» **Collected material**
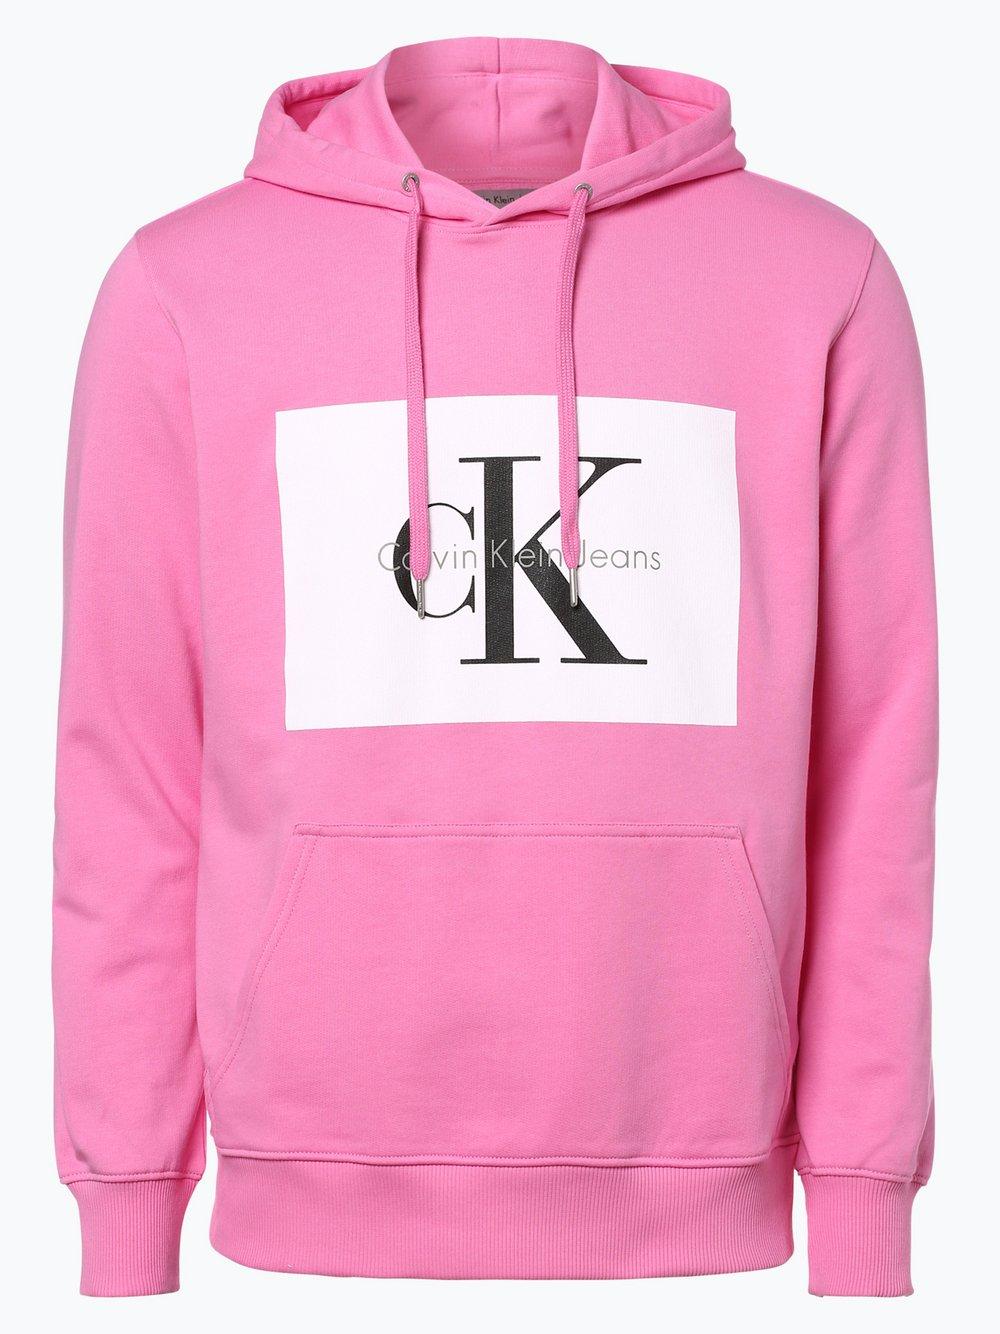 Calvin Klein Jeans Herren Sweatshirt online kaufen
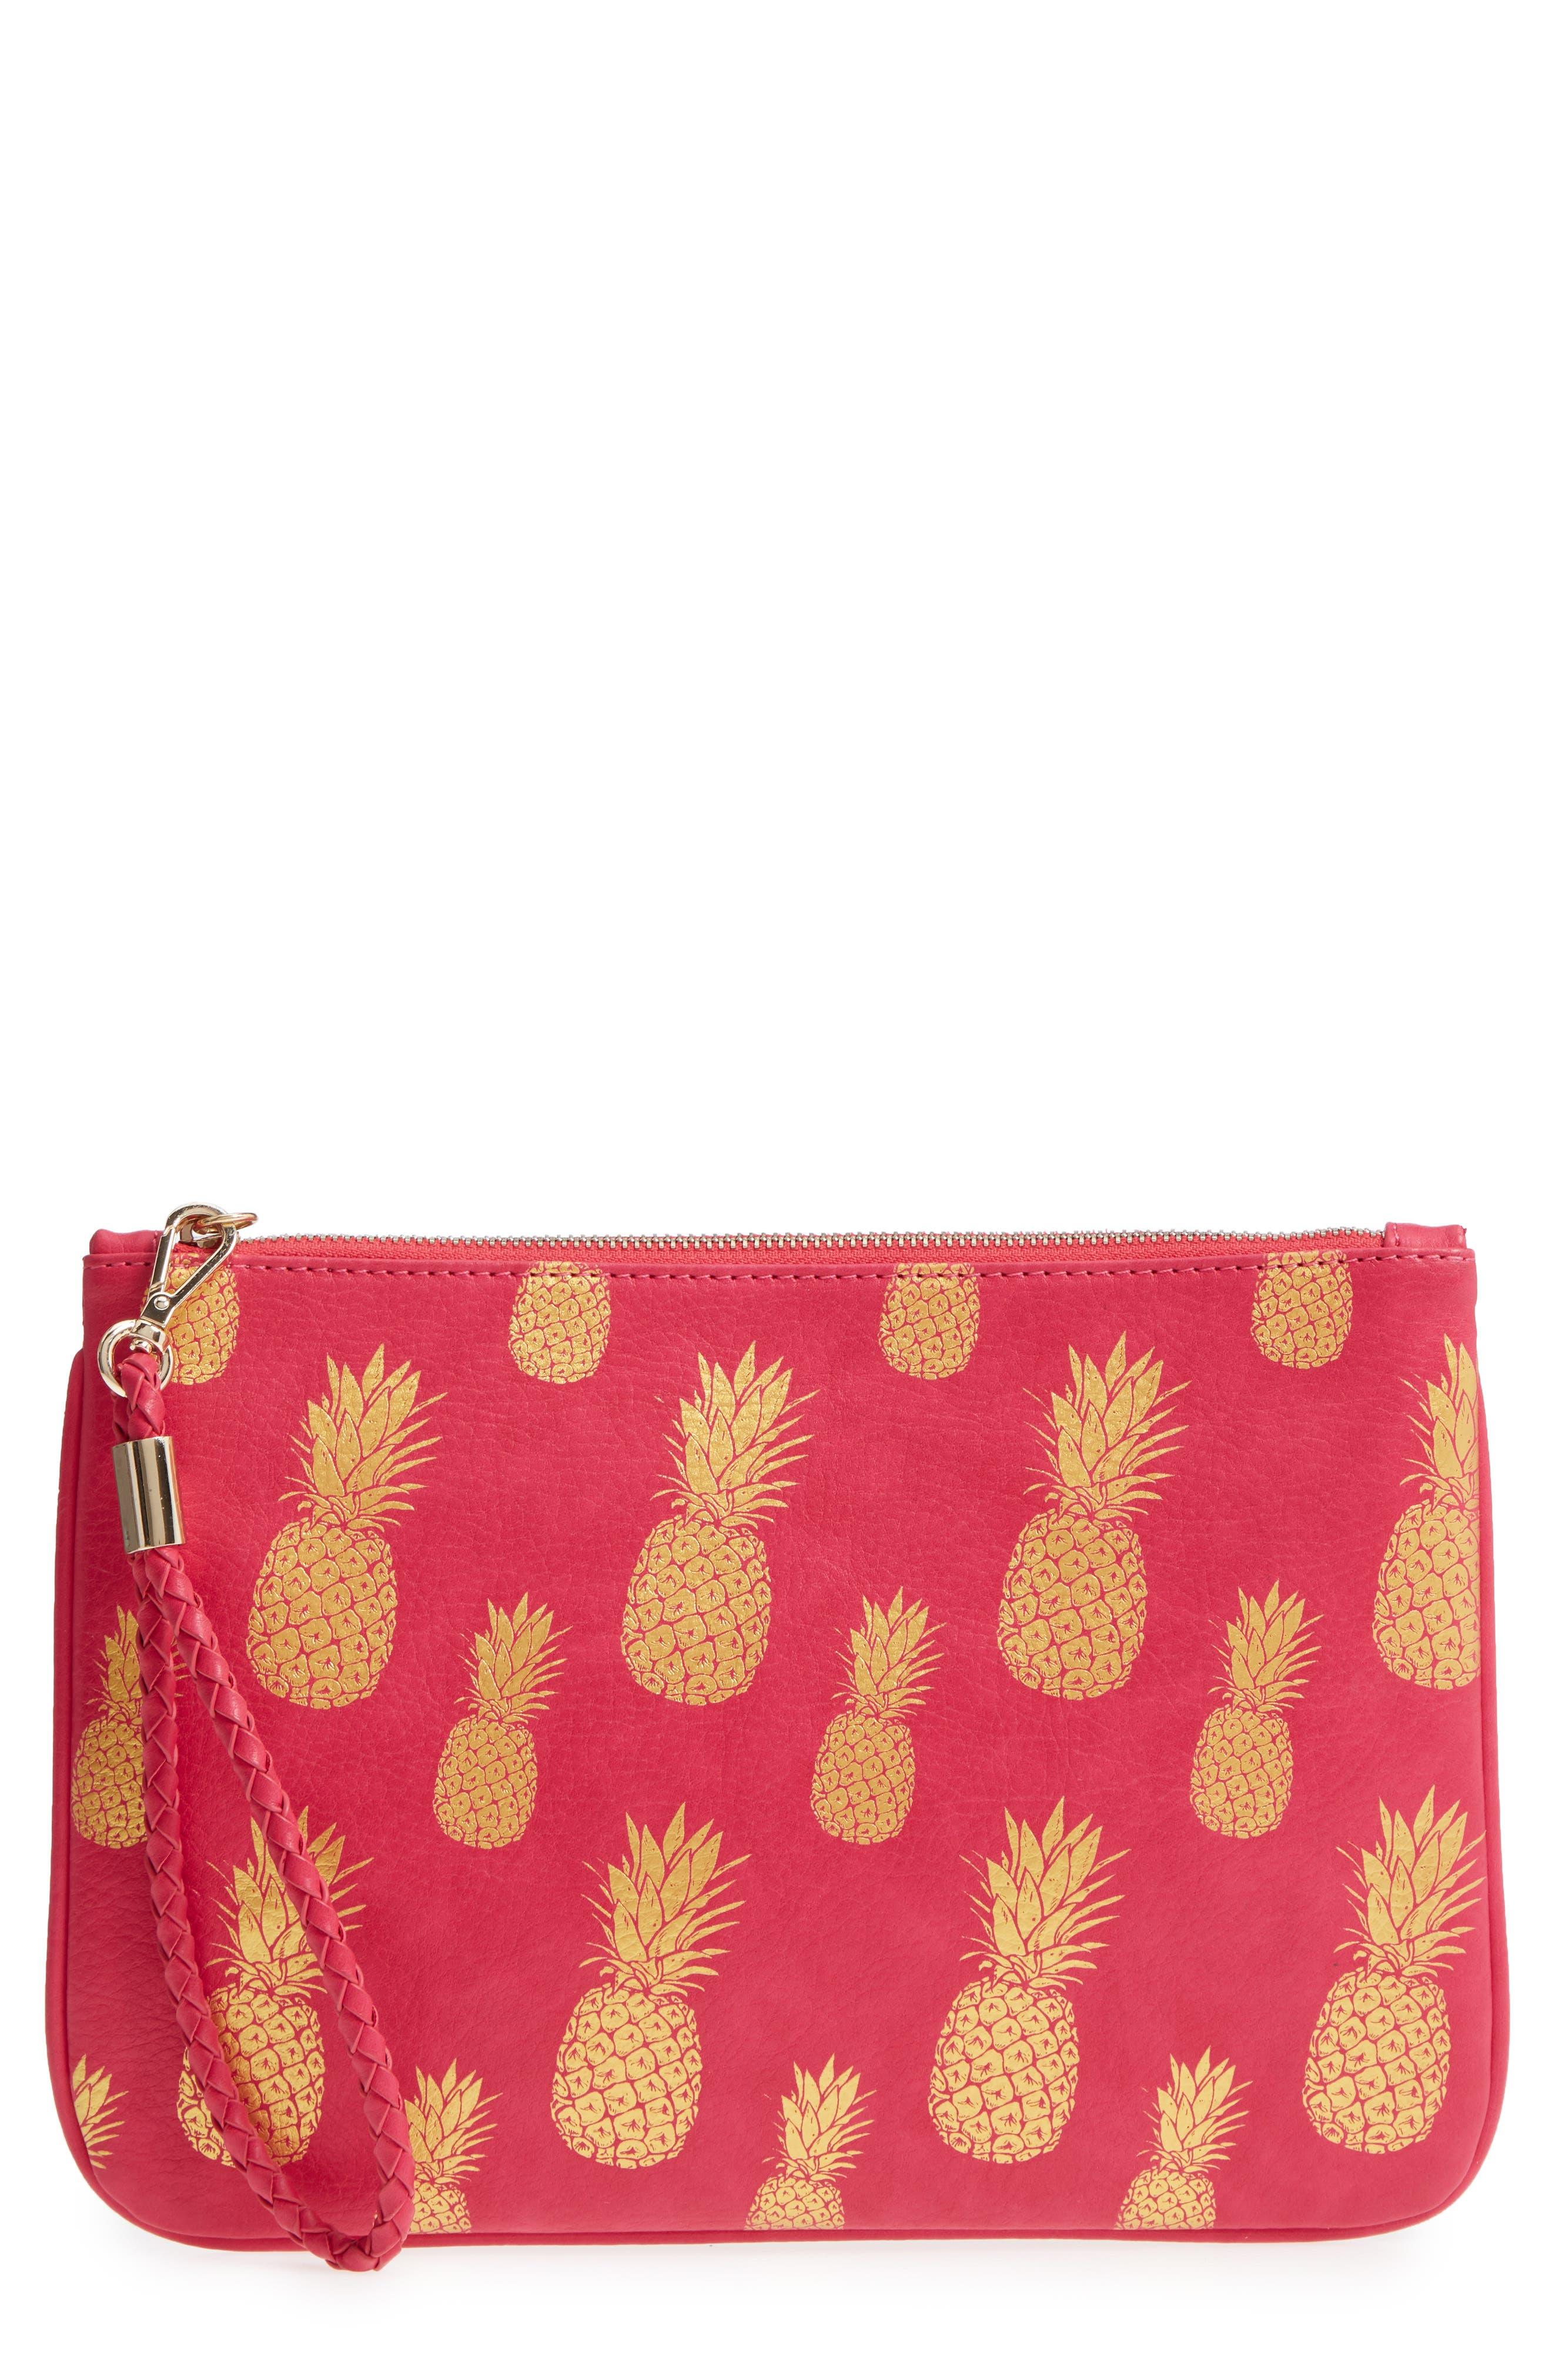 Mali + Lili Alice Pineapple Print Vegan Leather Clutch,                             Main thumbnail 1, color,                             HOT PINK
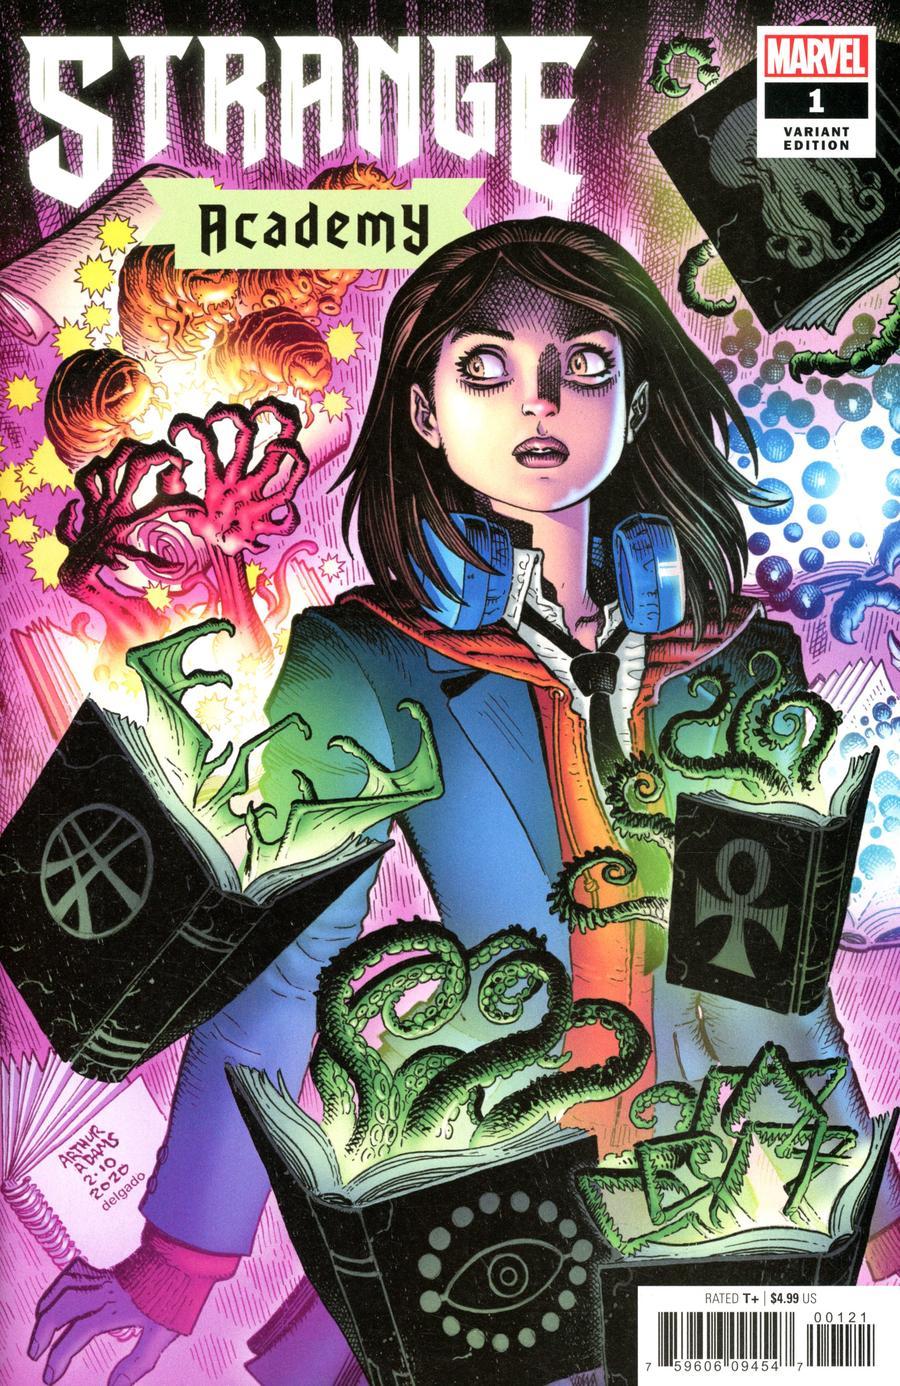 Strange Academy #1 Cover B Variant Arthur Adams Character Spotlight Cover

» **What to work on**
From the line with "Mali + Lili" through the final line of the data above, copy everything exactly, both ends included, but not the pictures.

» **Task output**
 Mali + Lili Alice Pineapple Print Vegan Leather Clutch,                             Main thumbnail 1, color,                             HOT PINK
 Strange Academy #1 Cover B Variant Arthur Adams Character Spotlight Cover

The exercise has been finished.